Pick scFoundation if…

  • You need absolute expression magnitudes in the embedding — for example, for drug-response modeling.
  • You want a regression-style head on top of the pretrained model.
  • Your downstream task is about quantitative changes rather than categorical labels.

Running the comparison through SciRouter

The easiest way to evaluate these models on your own data is through the Cell Atlas workspace. Upload your expression matrix once, then rerun the same annotation and embedding job with each backbone. The tool pages for Geneformer and scGPT document the request and response schemas if you prefer to call the API directly from a script.

Bottom line

Geneformer, scGPT, and scFoundation are complementary models, not competitors.
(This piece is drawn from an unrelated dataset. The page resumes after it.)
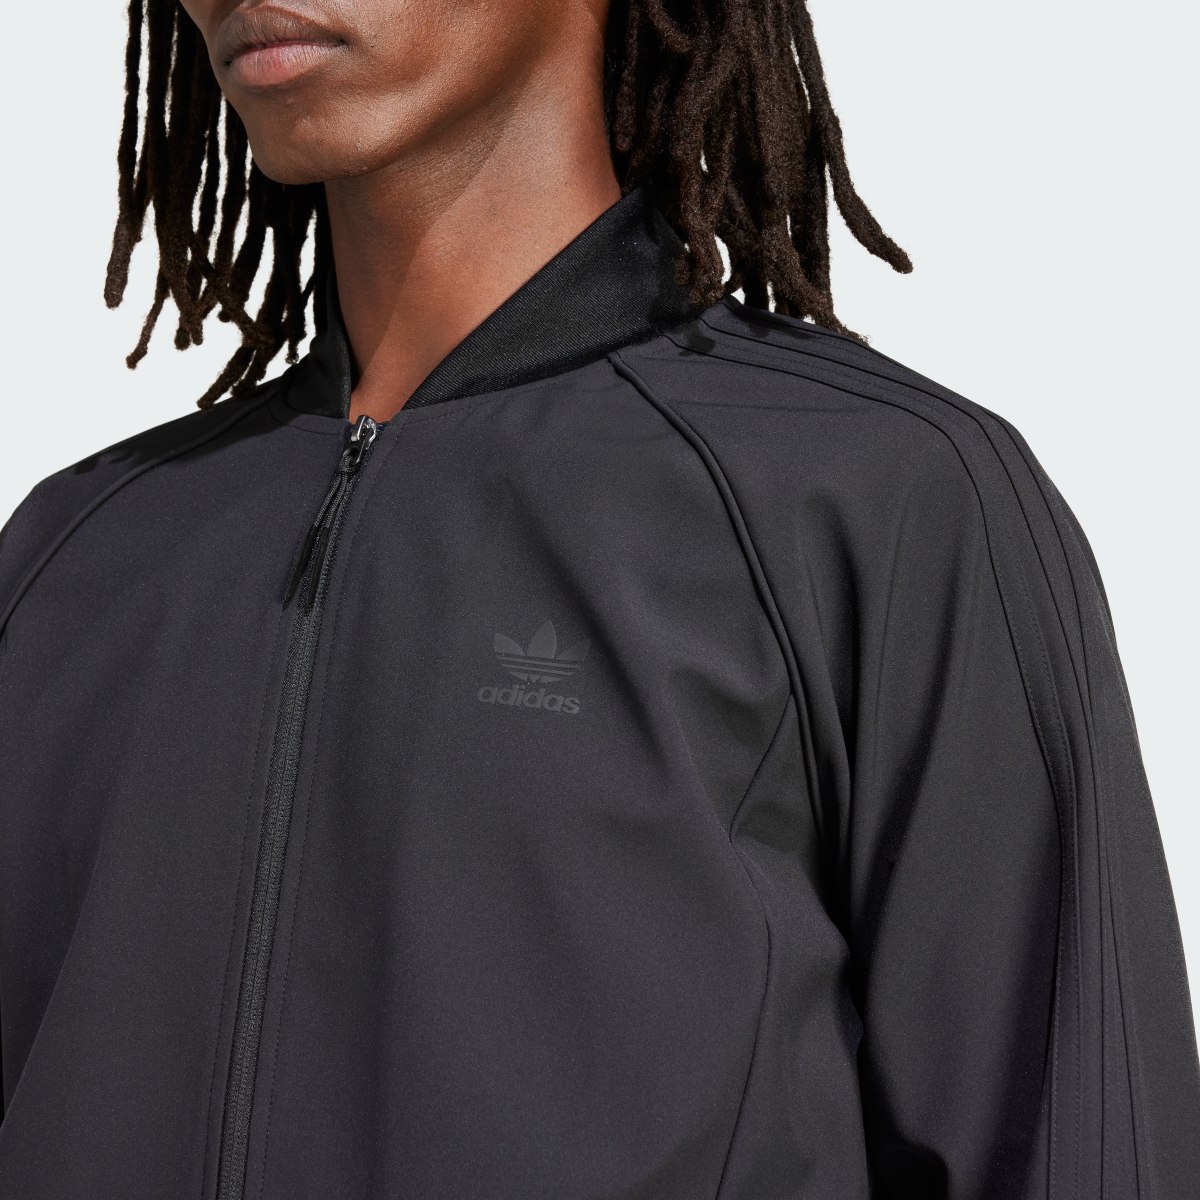 Adidas SST Bonded Track Top. 6

The right question is not “which one is best” but “which one fits this task?” Keep all three available behind a common API and switch between them based on what your current experiment needs.

Compare all three in Cell Atlas →

Frequently Asked Questions

Which single-cell foundation model is best overall?

There is no single winner. Geneformer is the strongest choice for gene-perturbation reasoning, scGPT excels at generative tasks and cross-batch integration, and scFoundation holds up best when you care about preserving absolute expression levels. A pilot on your own data is the only reliable way to pick.

Can I use all three from one API?

Yes. SciRouter exposes Geneformer, scGPT, and scFoundation as named backbones behind the same endpoint. You can rerun the same annotation or embedding job with a different model name and compare the outputs directly.

How do they differ in input representation?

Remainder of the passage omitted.